XOXを聴いて考えた、世界を意識した曲とは――近田春夫の考えるヒット

6/13(水) 11:00配信

『OVER』(XOX[キスハグキス])/『愛を頑張って』(和田アキ子)

 歌っている人間より誰が作っているのか? ついついそっちの方に気がいってしまう。先週もそんなことを書いていたのだったらば失念あっ、いや失礼。ま、それこそが習い性というものなのだろうが、いくらなんでも聞こえてくる全ての曲のクレジットの確認をしたくなる訳ではない。音にせよコトバにせよ、良くも悪くも何か引っかかるものがなければそうなったりはしないです、一応念のため。

 かつてあった、明らかにアメリカやイギリスのミックスのほうが“ロック的な興奮”をもたらしてくれていたとおぼしき時代、和物でそのような意味で“負けていないレコード”に出くわせば、これはどんな人が関わっているのか調べられるだけ調べた日々も今の私には懐かしいが、この平成も末期のご時世ともなれば、音作りに秘密やマジックなどほぼ無きに等しいといって決して過言ではない(厳密にいったらあるよ多分、少なくとも俺にはある)だろう。

 なんにせよ、世界中のどこに住もうと、そこそこの機材にそこそこの知識/情報があれば――いま述べたような文脈での――カッコいい音は誰にでも作れるようになったのは事実。もはやバジェットなどなど、環境があからさまに仕上がりに影響を与えるなんていういい訳は、通らなくなって久しいのである。

 それでも、インターナショナルなポップミュージックには歌謡曲と違い、厳然とした“新しさのレベル”の存在してしまうところが面白い……。のだが、我がJ商業音楽界におかれましては、あまりそこは重要視していないようにも見受けられることが俺には歯がゆい、残念でならぬ。

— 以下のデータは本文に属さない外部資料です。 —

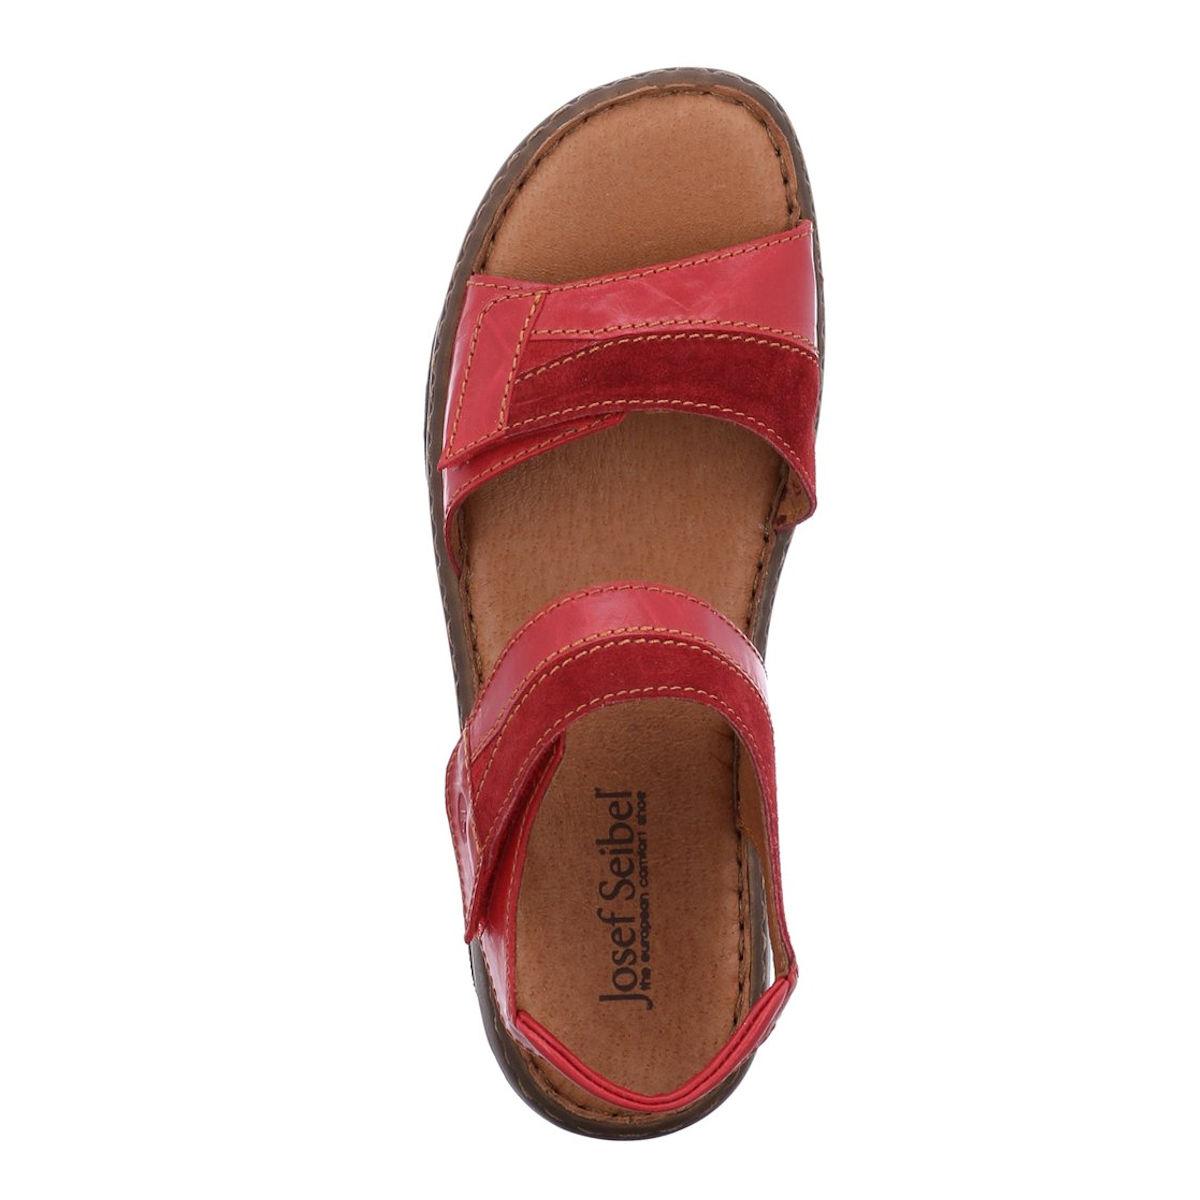 Josef Seibel Debra 19 - Womens Adjustable Red Leather Sandal
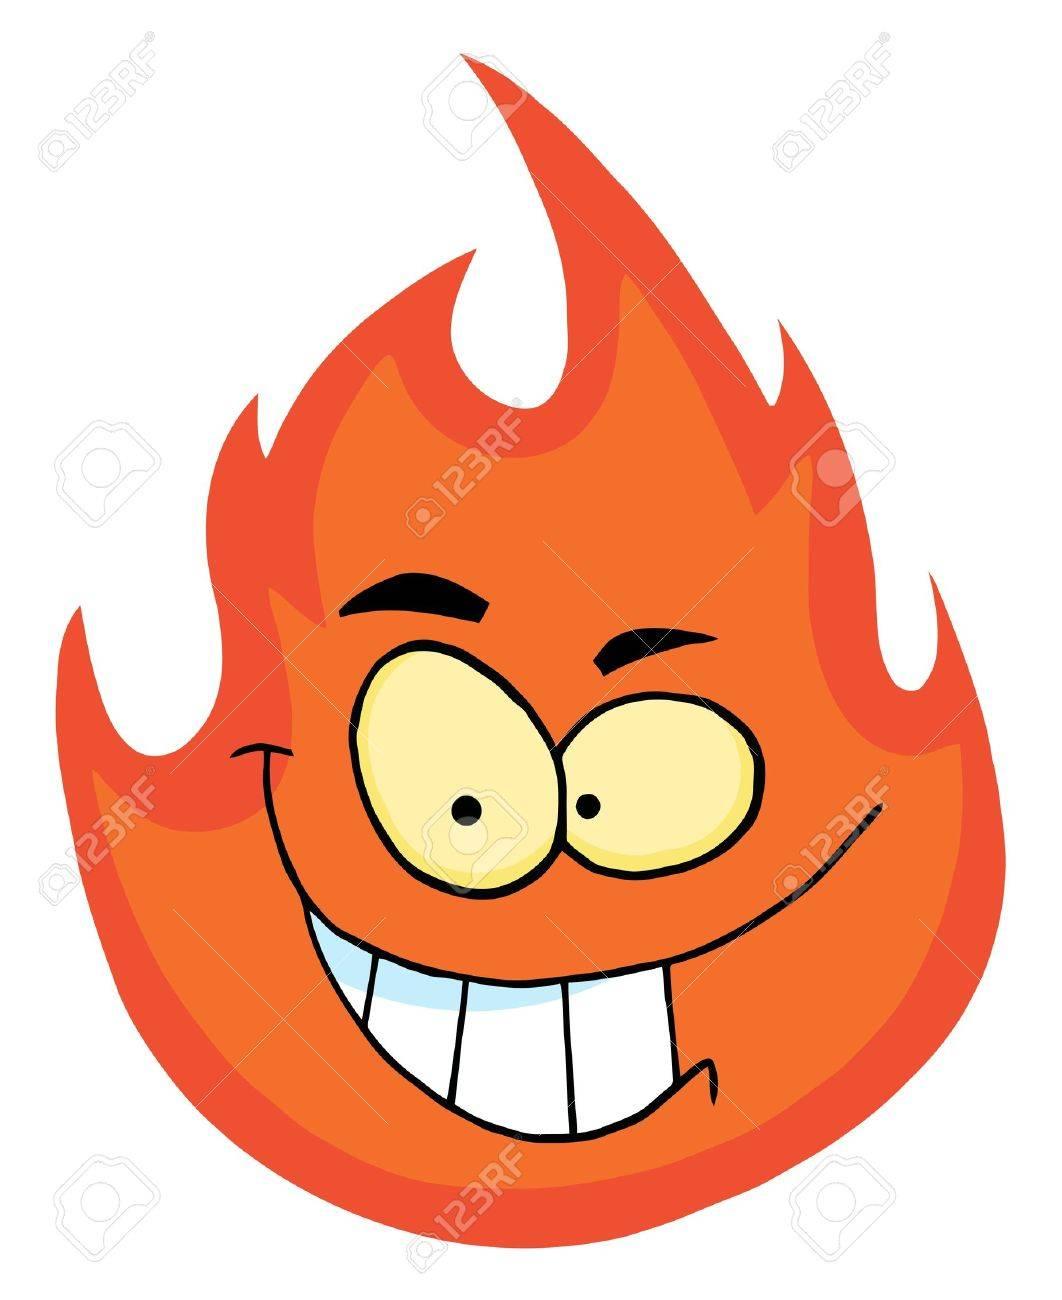 1062x1300 Fire Cartoon Stock Photos Amp Pictures. Royalty Free Fire Cartoon

すなわち世界で勝とう! という意識がなさ過ぎなのでは? とかなんとか、そんなことをつらつら考えていた矢先に、こんなコメントを発見した。XOXのプロデューサー談である。曰く、「ドメスティックなアプローチは敢えてやらないということを決めました」。

 オォ! 素晴らしい! これは早速聴いてみねば! てな訳で、以下が『OVER』に対する率直な感想だ。

 なるほど、たしかにたとえばシンセサイザーの音使いであったりとか、これがある意味英語圏/ワールドワイドでの傾向を意識したサウンドプロダクションであることもわからぬではない。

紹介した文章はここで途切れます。